Back to Basics: Values / Integrity – Kol Nidrei 5781

As I hope you have noticed by now, the theme for this High Holiday sermon series is “Back to Basics.” In the context of the pandemic, our options for Jewish engagement have been somewhat limited (as with every other sphere of life, of course). As such I am taking this opportunity to go “Back to Basics”: to consider the essential items of Jewish life. These essential items are halakhah (Jewish law), minhag (customs), values, and story. We spoke about halakhah and minhag on Rosh Hashanah, and this evening’s subject is values. (If you missed them, you can read them on this blog, and you can also hear them on our podcast, the Beth Shalom Torah-Cast.)

Once upon a time, American Jews loved to play the game, “Who is a Jew?” We were filled with pride to see Dinah Shore or Kirk Douglas on our screens, looking so beautiful and strong and goyish, but we knew the truth. “He’s one of us,” we would boast to each other. I know that many of us are bursting with pride, alongside the grief, as the first Jewish female Supreme Court justice, Ruth Bader Ginsburg, lay in state last week. 
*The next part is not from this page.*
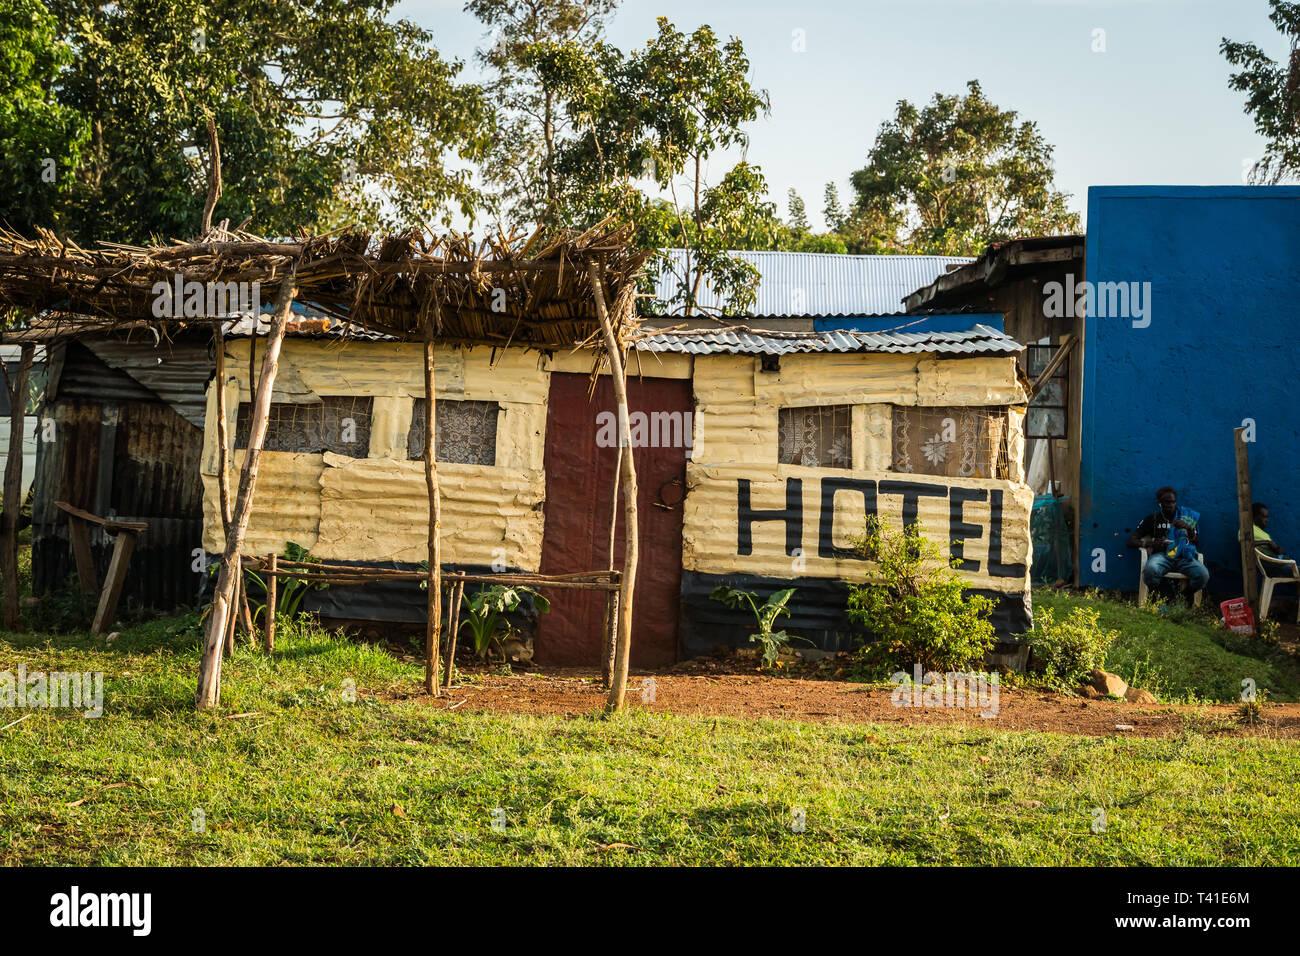 Near Kisumu Kenya March 8 2019 A Local Hotel In The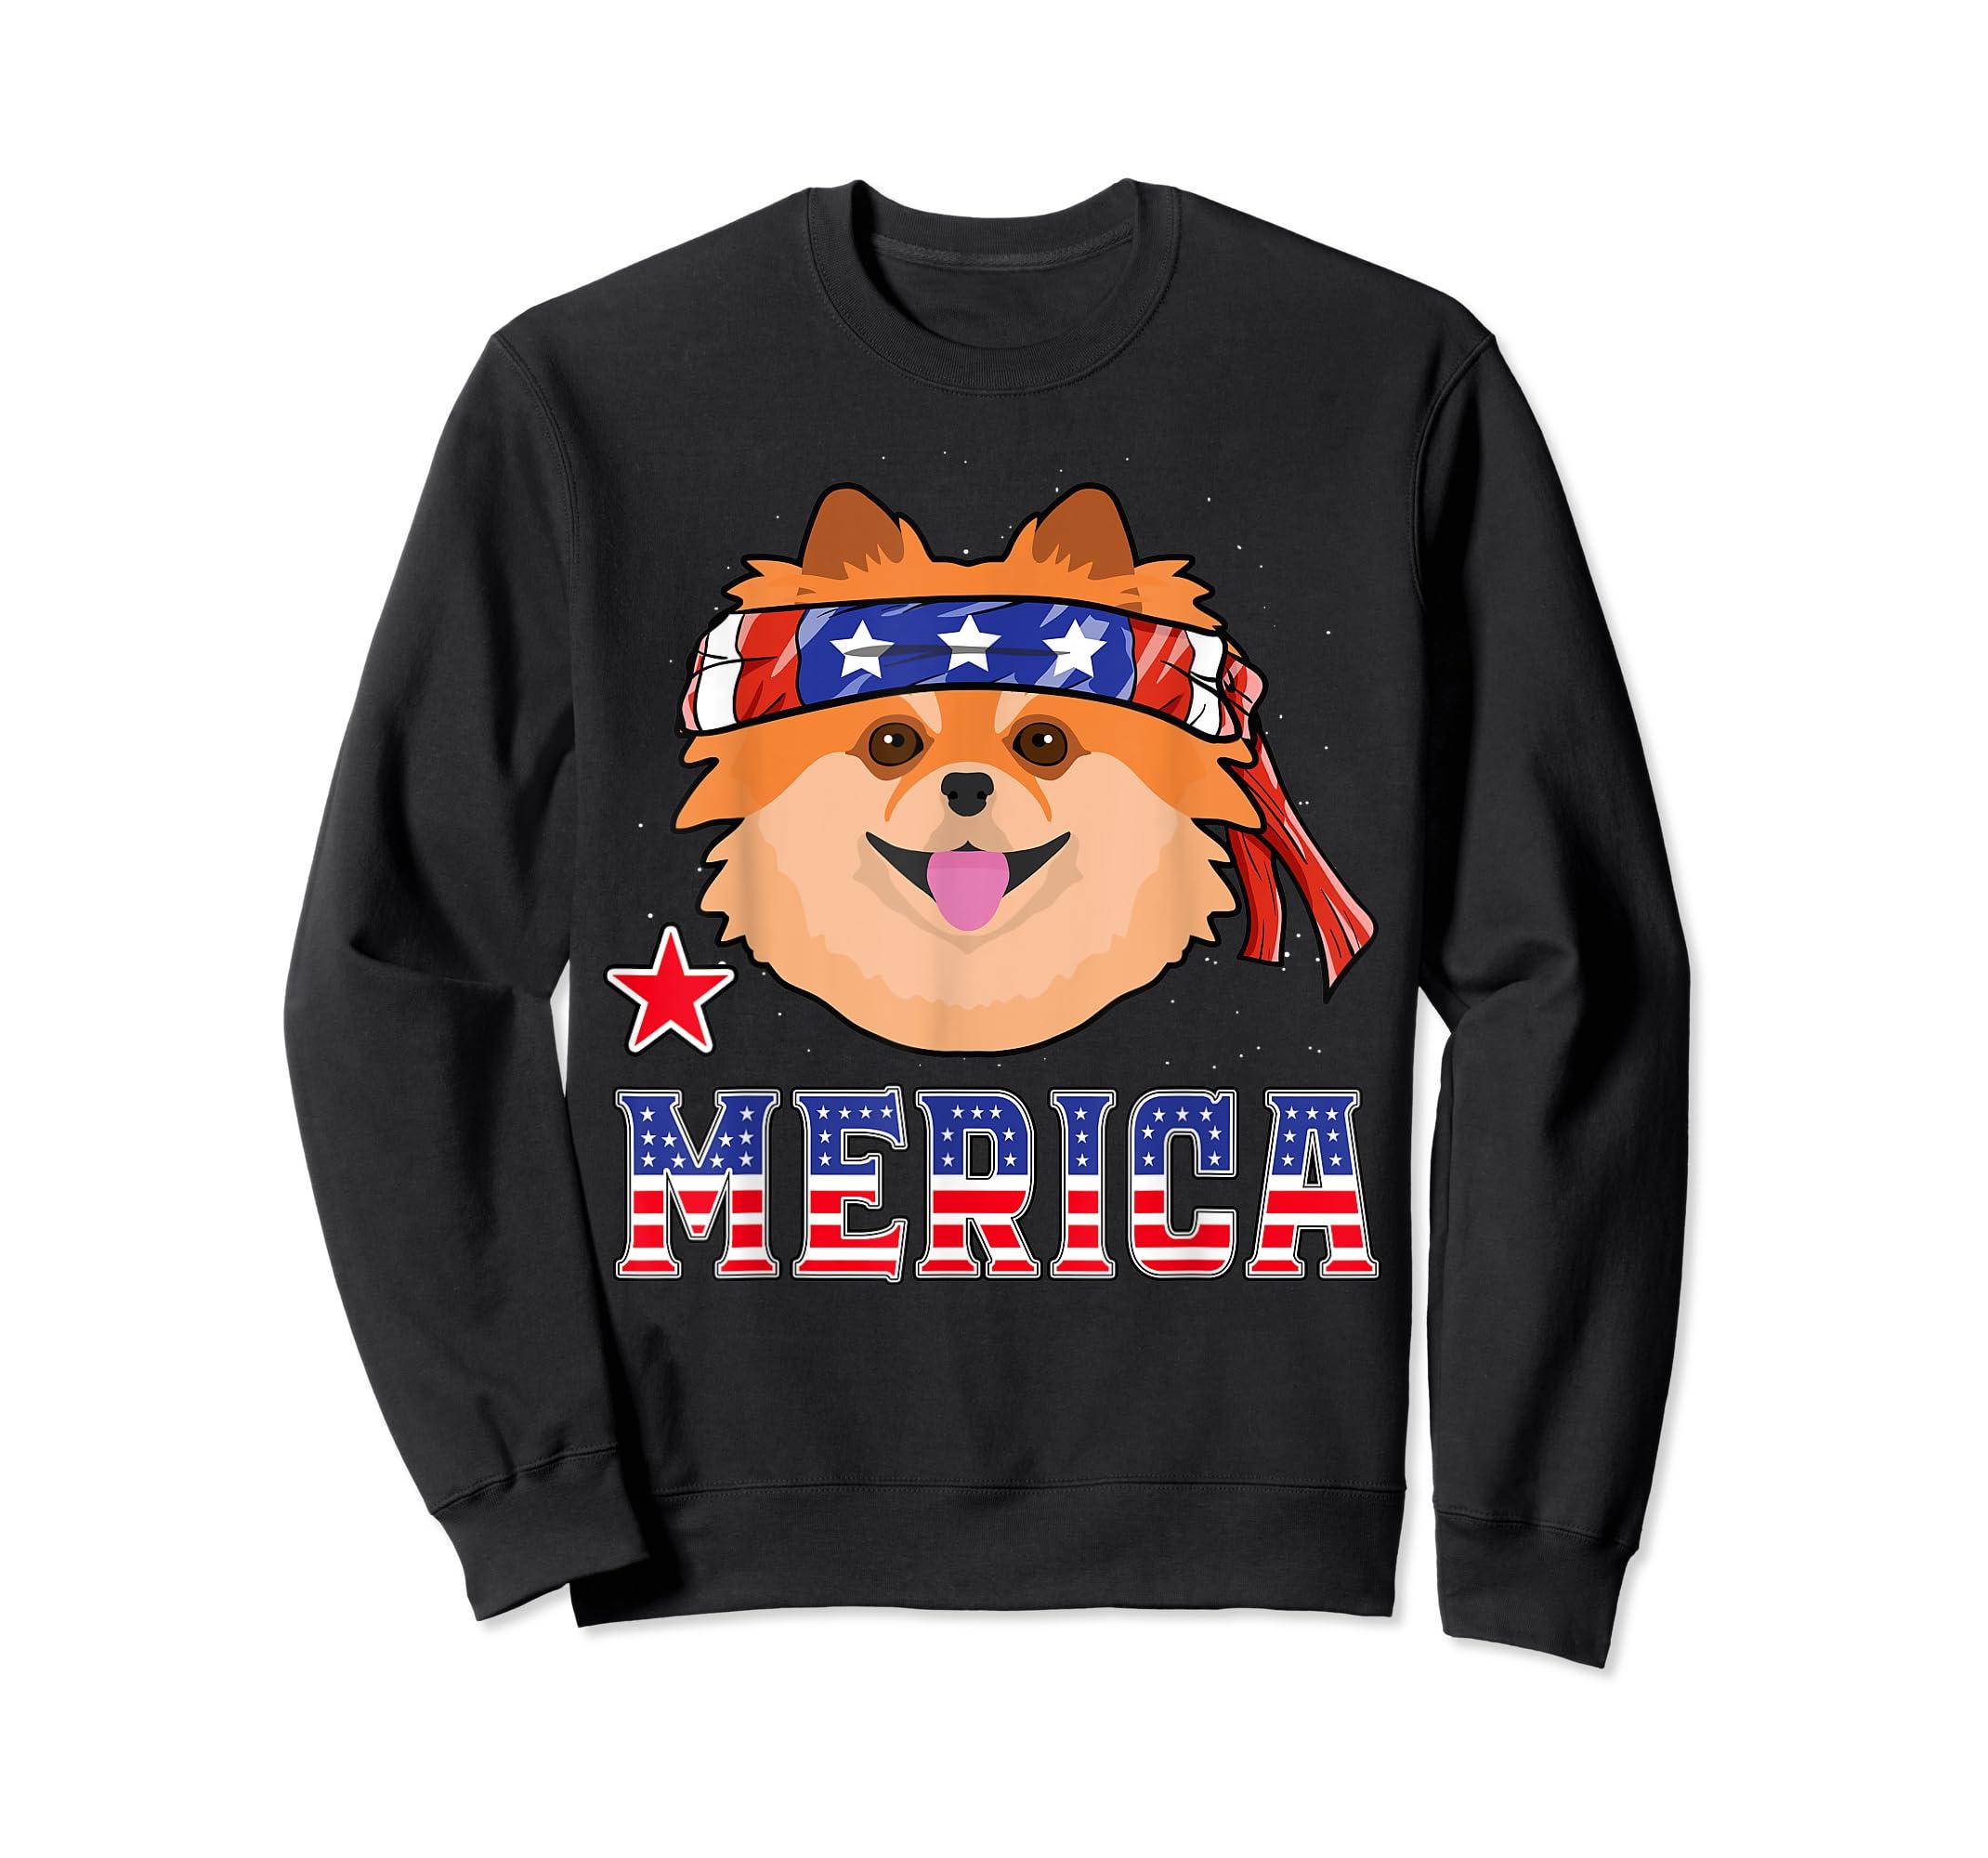 Pomeranian Dog Patriotic American 4th Of July Gift Dogs T-Shirt-Sweatshirt-Black

But then there are plenty of Jewish people of whom we are not proud, members of our tribe who are among the highest-profile criminals and detestable public figures today. I won’t mention any names, but I am sure you can come up with a list in your own head.

(BTW, Christians have it easier in this regard: they generally only count church-goers as Christians. But we count people differently: once a Jew, always a Jew. We could excommunicate these people, like we did with Barukh Spinoza (actually, we lifted the herem / excommunication on Spinoza a few years back), but we cannot deny the Jewishness of people whom we would rather not claim.)

And that hurts. Because we like to think that our Jewish values are universal; that somehow we all acquire them in Hebrew school or they are instilled in us by our parents; that even if we eat treyf (non-kosher food) and proudly violate Shabbat in public that the pintele yid, the tiny spark of Jewishness within us, will somehow keep us connected to the fold.

But it does not work that way. Our values will only hold if we act upon them, if we teach them to our children, if we model them for each other, if we remember that the Qadosh Barukh Hu is paying attention to our behavior.

I think it is very hard right now, six-and-a-half months into a worldwide pandemic, with maybe another year of isolation in front of us, and then coupled with all of the other chaos in the world, political and social and economic and spiritual, to be optimistic about the future. Many of you know that I am a self-described optimist, and yet I have found myself severely challenged by our current predicament. Everything is not OK.

And then I remember that we have a spiritual framework. Our Jewish heritage of learning, of action, of values is there to uphold us in times of trouble. Our ancestors, who survived many centuries of turbulence and upheaval, pogroms and genocide and dispersion, did so by leaning into their tradition. Etz hayyim hi, they sang, lamahazikim bah. The Torah is our Tree of Life if we reach out and grasp it. Our great-great-grandparents grasped and grasped and held on for dear life, and as a result, we are still here.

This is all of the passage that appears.